The chemical analysis of the selected Eu II features was performed adopting the atomic parameters for the Eu II lines by Lawler et al. (2001) and is summarised in Table 1. The Eu II spectral lines display significant hyperfine structures. We include in the line list, hyperfine structure and isotopic splitting, using the meteoritic isotopic ratio[*] and the hyperfine constants A and B measured by Lawler et al. (2001). The calculation of the hyperfine structure was completed using the code LINESTRUC, described by Wahlgren (2005). All the hyperfine components for each Eu II feature, computed without the assumption of a specific isotopic ratio, are available in Table 4. We did not take into account possible NLTE effects, which are different between intensity and flux spectra and could explain the small positive difference between intensity and flux abundances. Mashonkina (2000) analysed the NLTE effects for the resonance Eu II line at 421.9 nm in solar-like stars, finding a NLTE correction of $\sim$0.04 dex.

Table 1: Atomic data for the europium lines considered in this work.

Table 2: Solar europium abundances from the adopted observed spectra. Column (1) indicates the solar spectrum used: KF: Kurucz flux, NF: Neckel flux, NI: Neckel intensity, DI: Delbouille intensity. Column (2) is the wavelength of the observed lines. Column (3) is the Equivalent Width. Columns (4) and (5) are Eu abundance from the \ensuremath {{\rm CO}^5{\rm BOLD}} models and the corresponding uncertainty due to the error of the Equivalent Width. Columns (6)-(9) are the results from the 1D chemical analysis by adopting two solar models (HM: Holweger & Müller (1974). FC: ATLAS9 solar model by Fiorella Castelli). Finally, Cols. (10) and (11) are the 3D corrections.

The solar Eu abundance was derived from the curve of growth of each line calculated using Linfor3D, adopting a meteoritic isotopic ratio. The equivalent width (EW) of the Eu II lines was measured using a Gaussian fit with the IRAF task SPLOT, for its deblending option. The 3D models include only the Eu II lines, without the contribution of possible blending features.
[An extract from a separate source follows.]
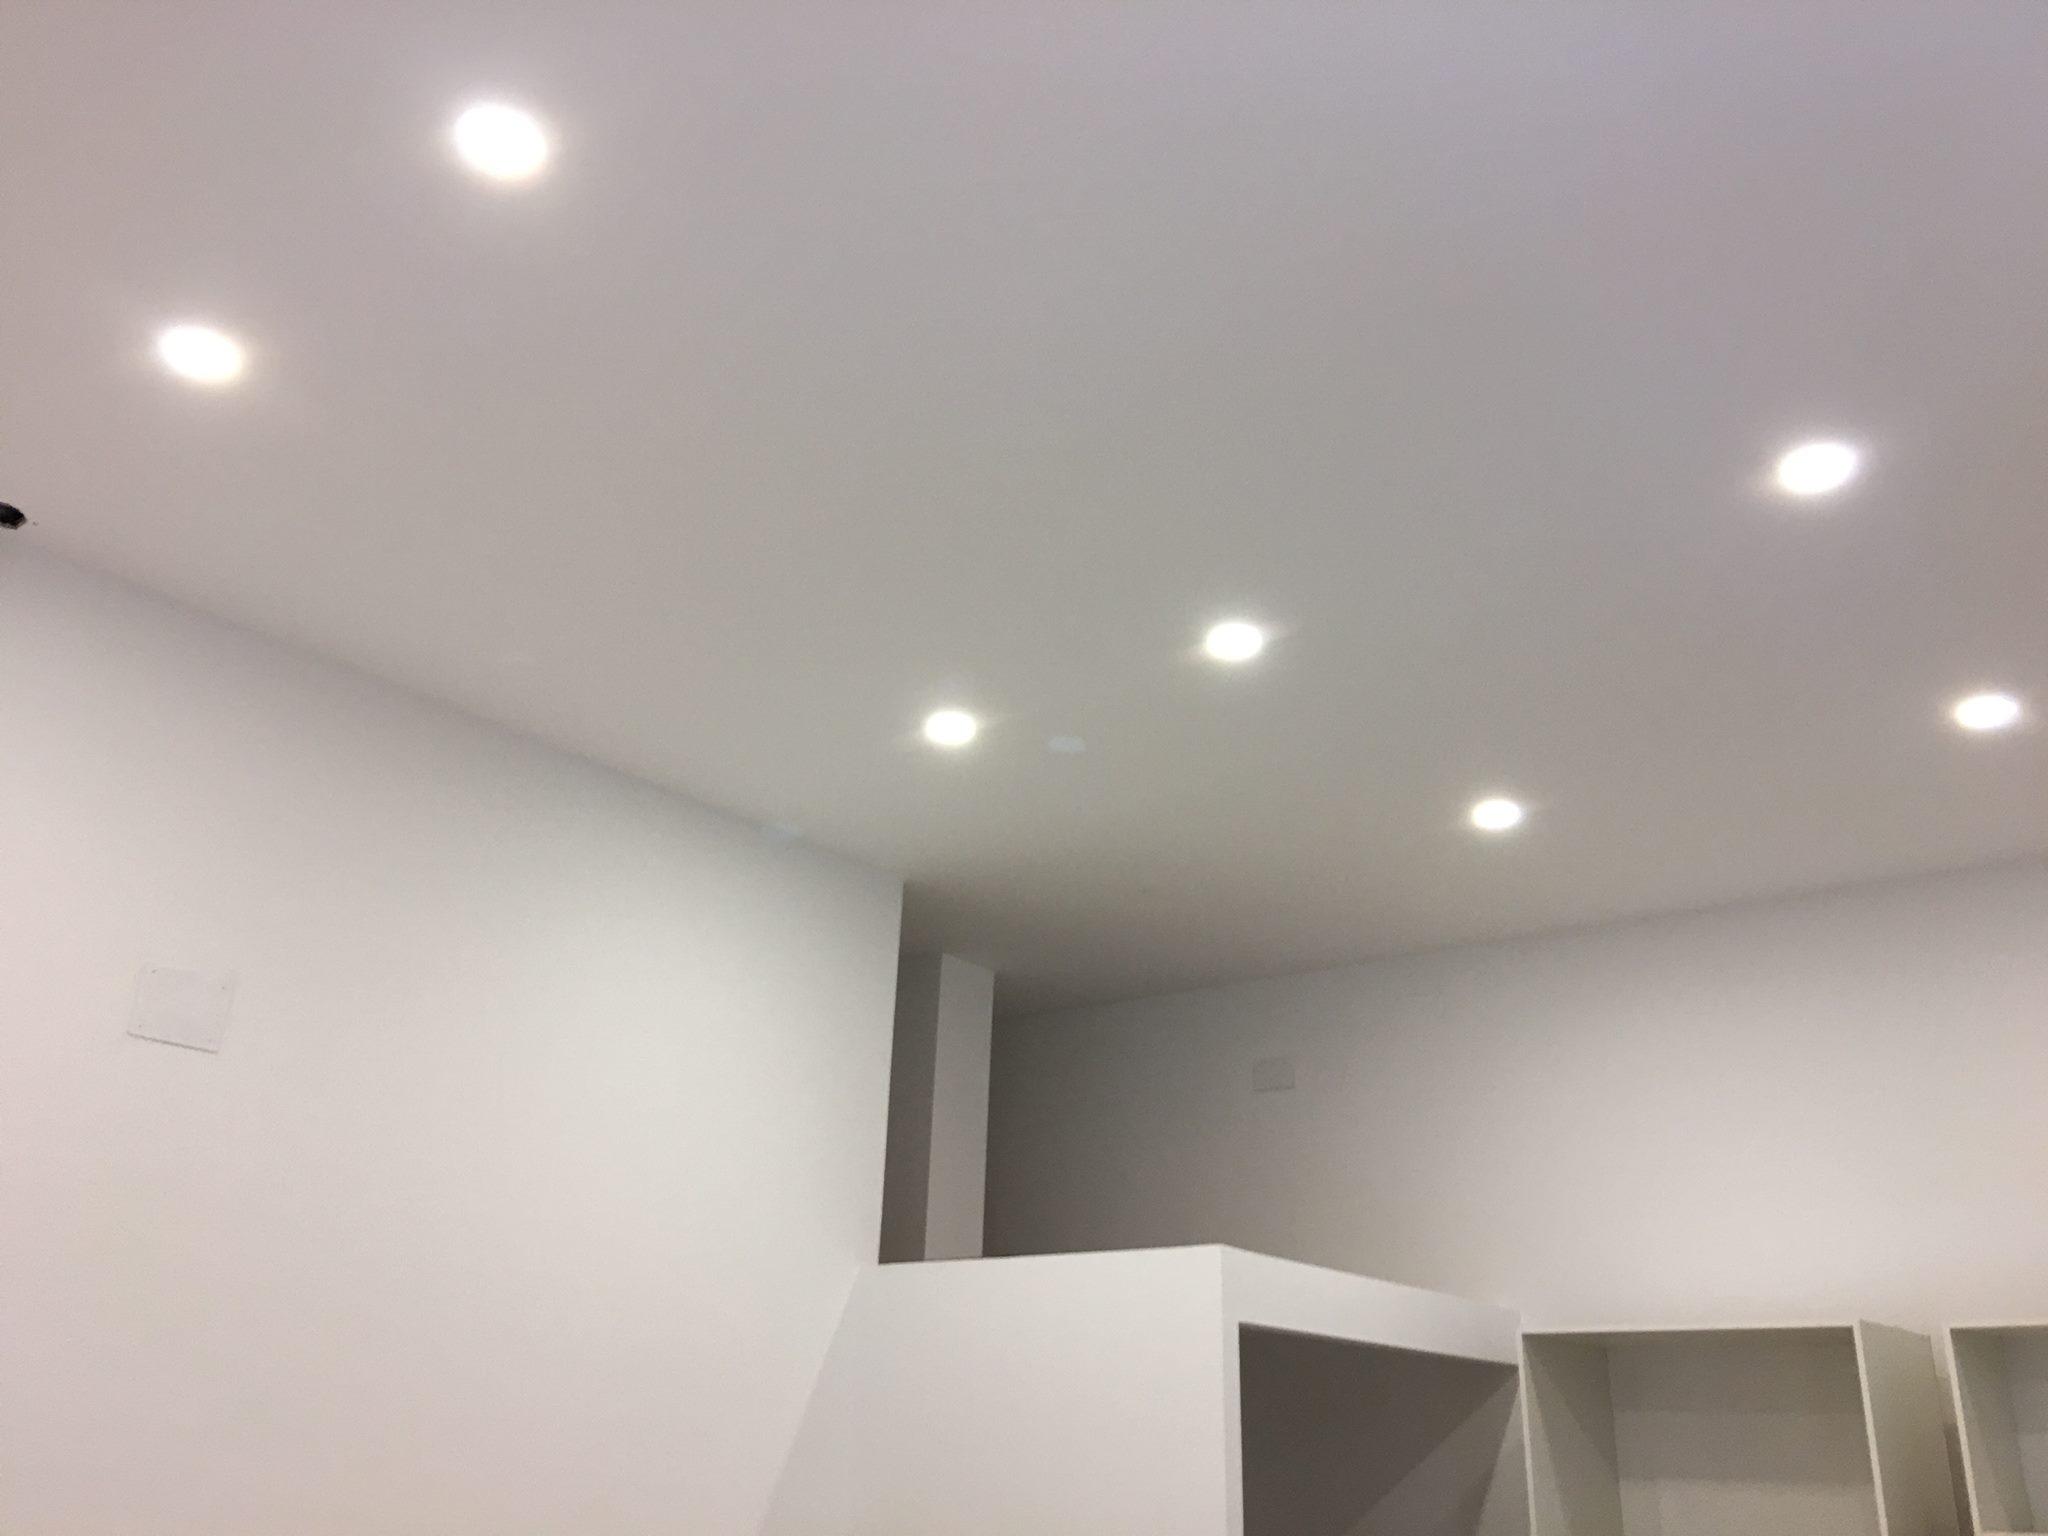 http://www.metelcor.es/wp-content/uploads/2016/04/metelcor-instalacion-electrica-loft-calle-betis-2.jpg

The choice to infer the abundance using the EW measurement was made because of the inefficiency of the line-profile fitting with a 3D grid, due to the lack of the weak-blending components in the 3D synthetic spectra. This is caused by the inability of the current version of Linfor3D to handle a large number of lines. In Table 2, we provide our results for both 1D and 3D models, the 3D correction defined by Caffau & Ludwig (2007) as $A({\rm X})_{\rm 3D}-A({\rm X})_{\rm\ensuremath{{\rm 1D}_{{\rm LHD}}} }$, and the difference between 3D and \ensuremath{\left\langle{\rm 3D}\right\rangle} models. We report also the error ( $\sigma_{{\it EW}}$) in the Eu abundance due to the uncertainty in the EW measurement, which we estimated by performing EW measurements using different continuum placements and deblending assumptions, for each line: typically this is $\sim$0.02-0.03 dex, with only the Eu II line at 412.972 nm showing an error in the abundance of $\sim$0.05 dex, probably due to the blending on the blue side of the spectrum.

To place solar 3D correction results in a wider context, we computed 3D corrections of the 664.5 nm Eu II line for flux spectra in F and G-type atmospheric stellar models. We explored a parameter grid including \ensuremath {T_{\rm eff}} between 4980 and 6460 K, $\log g=3.5,4.0,4.5$ and [M/H ]=0.0,-1.0. The Eu abundance is scaled with respect to the metallicity of the model, according to the solar ratio. The reference solar Eu abundance is 0.52. The results are listed in Table 3. The majority of the 3D corrections (3D- \ensuremath {{\rm 1D}_{{\rm LHD}}}) are negligible, and the largest is just 0.011 dex. The 3D correction related to the average temperature profile (3D- \ensuremath{\left\langle{\rm 3D}\right\rangle}) is in the range 0.01-0.02 dex for all models and it is larger than the complete 3D correction.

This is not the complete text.